The Augustan grammarian Verrius Flaccus connected the Lucaria to the disastrous defeat of the Romans by the Gauls at the Battle of the Allia, which was fought on 18 July. The festival, he says, was celebrated in the large grove between the Via Salaria and the Tiber river, where the Romans who survived the battle had hidden. The Via Salaria crossed the battlefield about 10 miles north of Rome. The lucus thus would have been located on the Pincian Hill, which was later cultivated as gardens and leisure parks by Lucullus, Pompeius, Sallust and others. This explanatory story has been compared to that of the Poplifugia, which also involved the Gallic sack of Rome. The story may be more aetiological than historical. The Lucaria suggests that grove veneration was a practice which the early Romans had in common with the Gauls.

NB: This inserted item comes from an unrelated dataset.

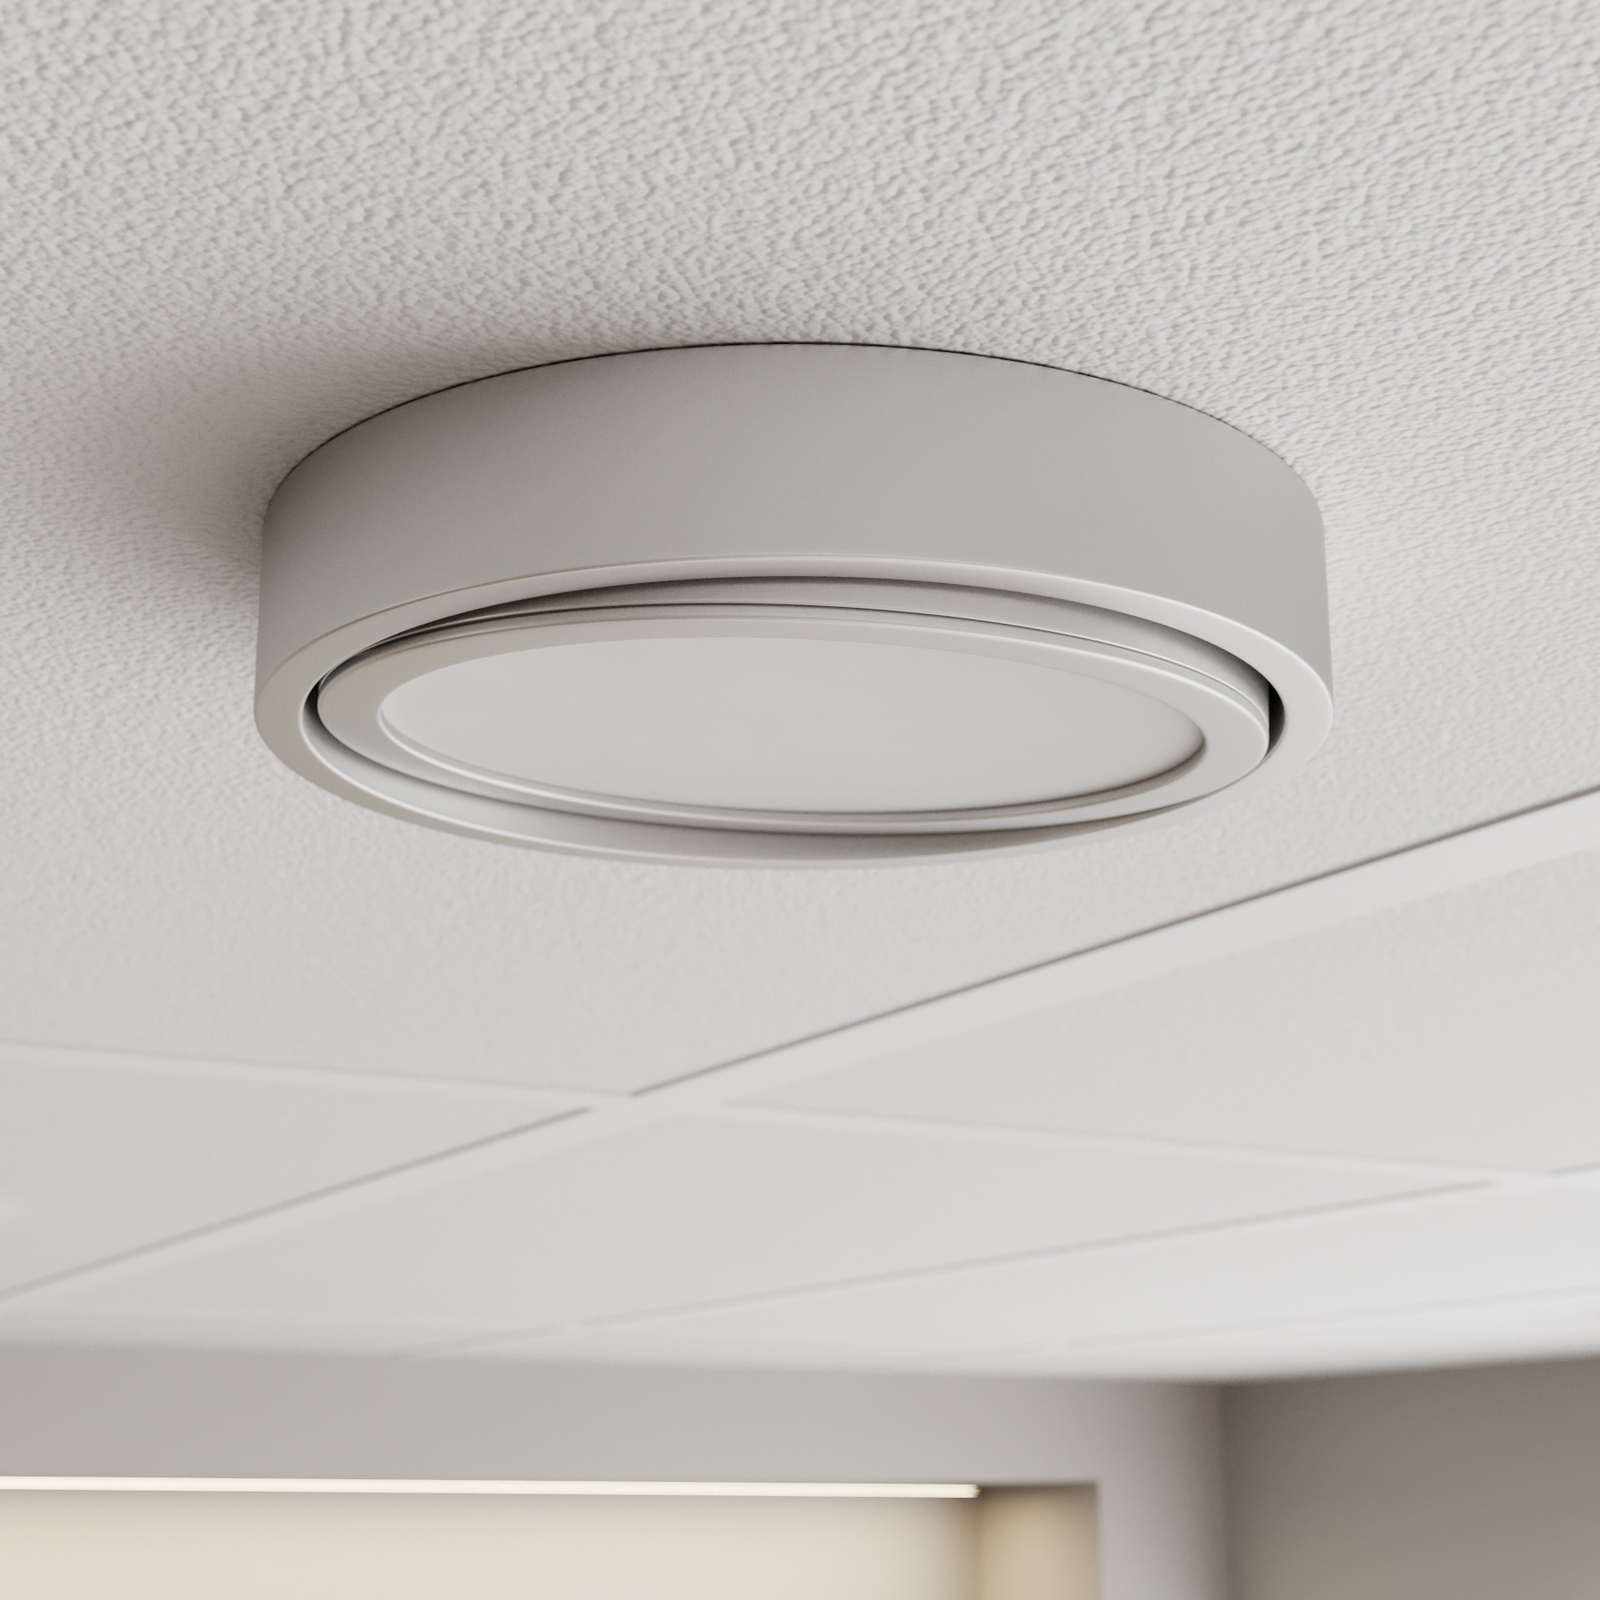 Prios Uvan LED plafondlamp draaibaar, rond, chroom

Like other "fixed holidays" (dies nefasti publici) on the Roman calendar, the Lucaria took place on days of uneven number, with an intervening day that was "non-festive". A mention by Macrobius seems to imply that the festival began at night and continued the following day. Georg Wissowa thought that it may have been connected to the Neptunalia on 23 July, when leafy huts, called umbrae, were built as shelters to protect against the hot summer sun and bulls were sacrificed. Neptune embodied fresh as well as salt water among the Romans, and the collocation of festivals in July, including the Furrinalia on the 25th, may express concerns for drought.